While many may debate which of the two cutting technologies reigns supreme, at the end of the day both hold their rightful place in a job shop’s toolbox

When looking at plasma and oxy fuel cutting technologies, both have their benefits in terms of cut quality and processing different materials, whether handheld or mechanized. They also have limitations. Plasma relies on electricity and shop air—oxygen, nitrogen, or argon—which circulates through the swirl ring above the electrode, causing the plasma to turn rapidly as it passes. The oxy fuel typically uses an acetylene gas mix and is a process that rapidly oxidizes mild steels, which can be done inhouse or out in the field. What really matters when comparing these two technologies though is the material type, the thickness, considerations about operating and consumable costs, and their additional capabilities.

 The first big question is around material type. Plasma systems can cut any material that is conductive with high precision and speed. “With a handheld plasma torch, you’re looking at ¾-inch thick material maybe. With an automated or mechanized plasma system you can get up in the 3-inch range,” says Bradley Nicoll, a weld engineer at Miller Electric Mfg.  

Some argue that plasma maxes out above one to two-inch material thicknesses, but if you consider that 90 per cent of manual plasma cutting applications are with stainless and aluminum-based materials, those gauges and thicknesses, for the most part, are easily processed. 

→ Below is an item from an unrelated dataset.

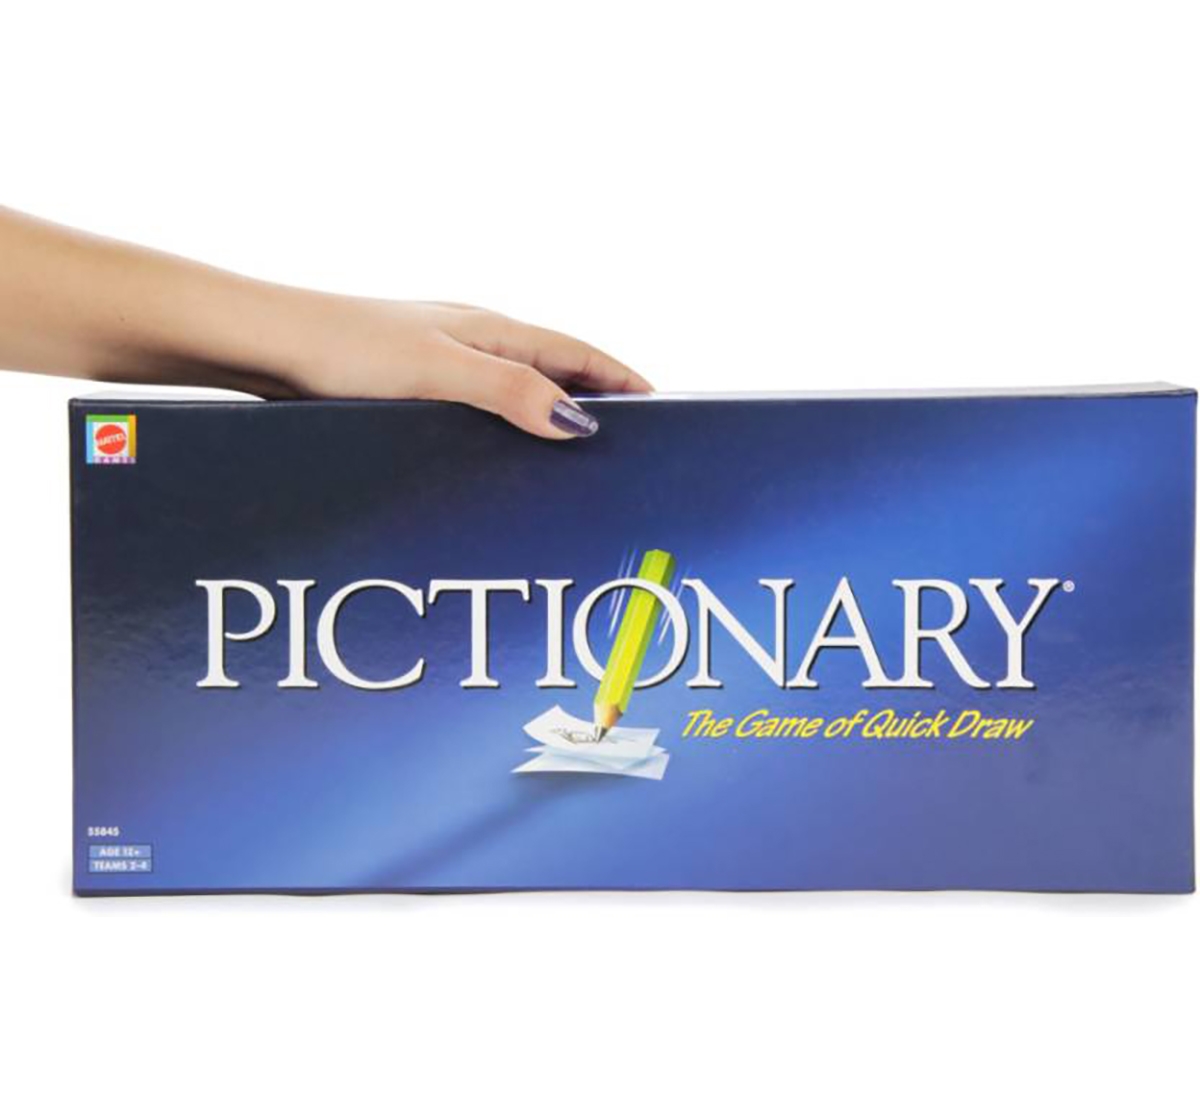 Pictionary, The Classic Board Game of Quick Draw – ToyXpress
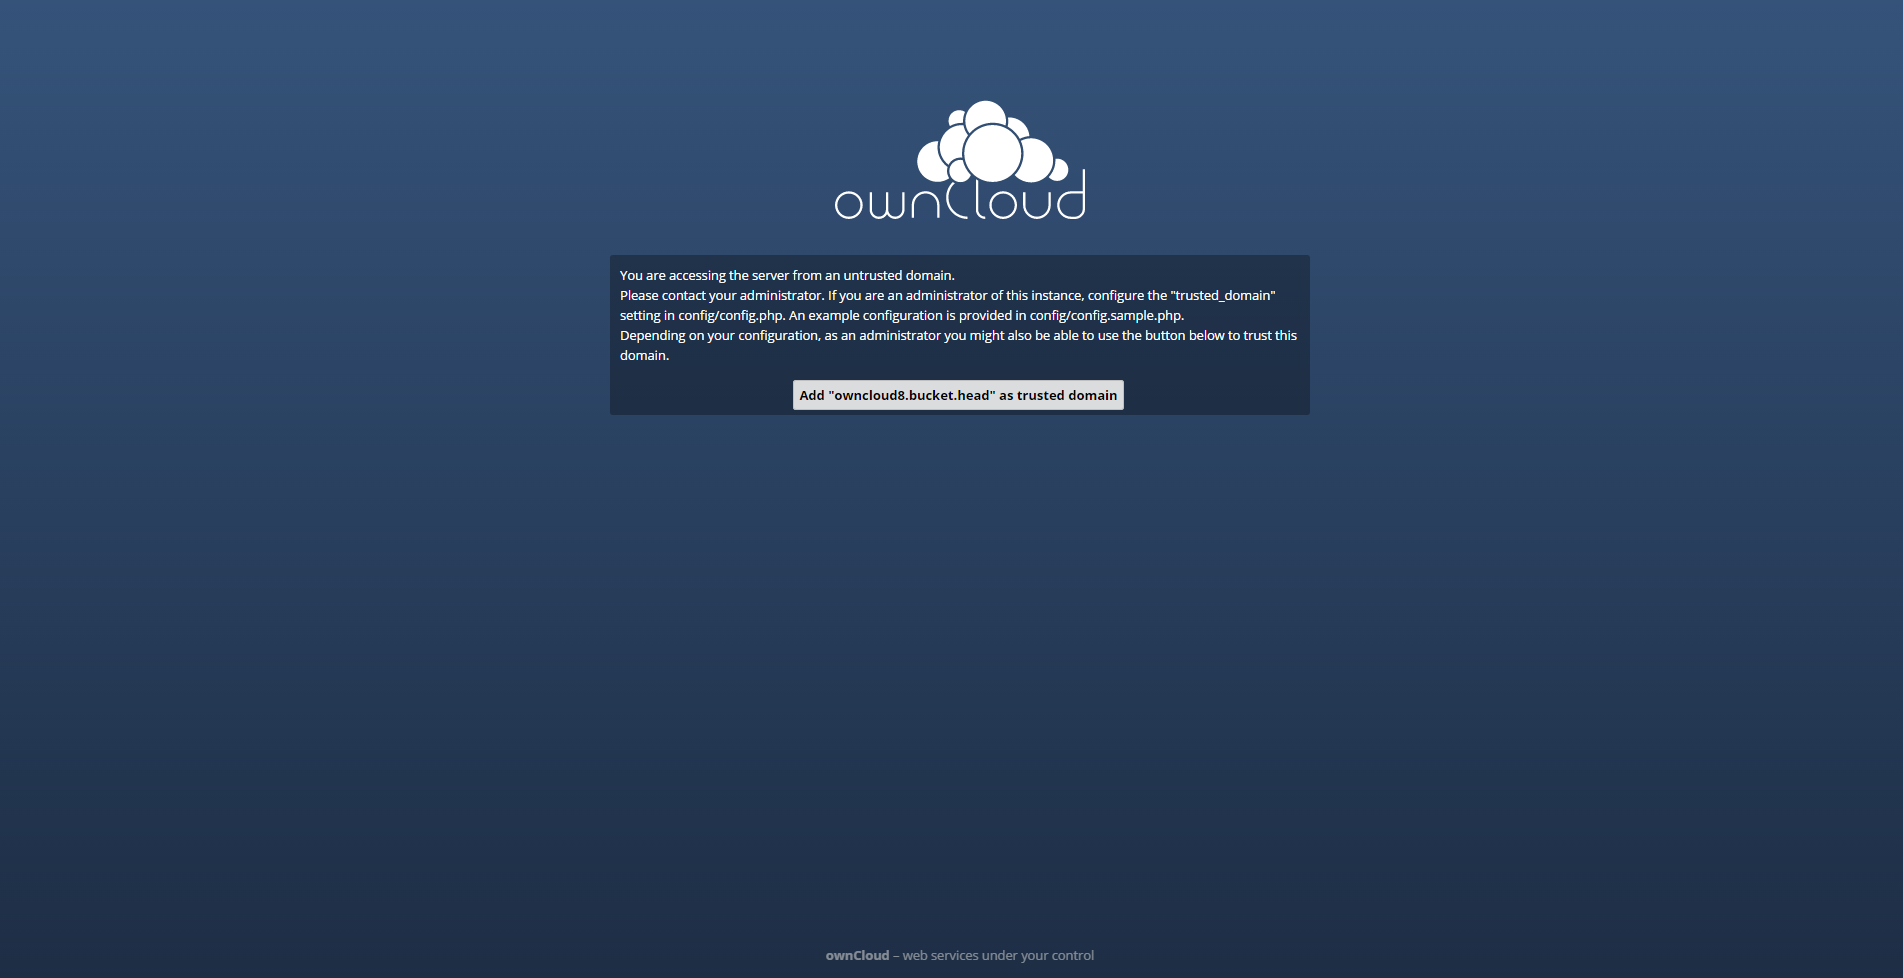 ownCloud.png

“The number one reason that someone would choose a plasma cutter over oxy fuel for mild steel would be the cut quality. Plasma cuts have less dross, so fewer secondary operations in terms of clean-up of each part,” says Vince Tucker, distribution sales manager for Hypertherm. “If you look at cutting thinner metals, you’ll get less warping with plasma, and the deformity of the material due to heat is less. If you’re going to have a secondary operation, such as cutting a hole or tapping it, the heat affected zone is smaller with plasma.”

Comparing the two cutting processes, Nicoll adds, “oxy fuel cuts do have some slag or dross that will need to be cleaned off before welding. But plasma cutting leaves an oxide layer. And if you’re working with aluminum or stainless steel, those have a thick oxide layer that tends to make it more difficult to weld, whether it’s cut or not.”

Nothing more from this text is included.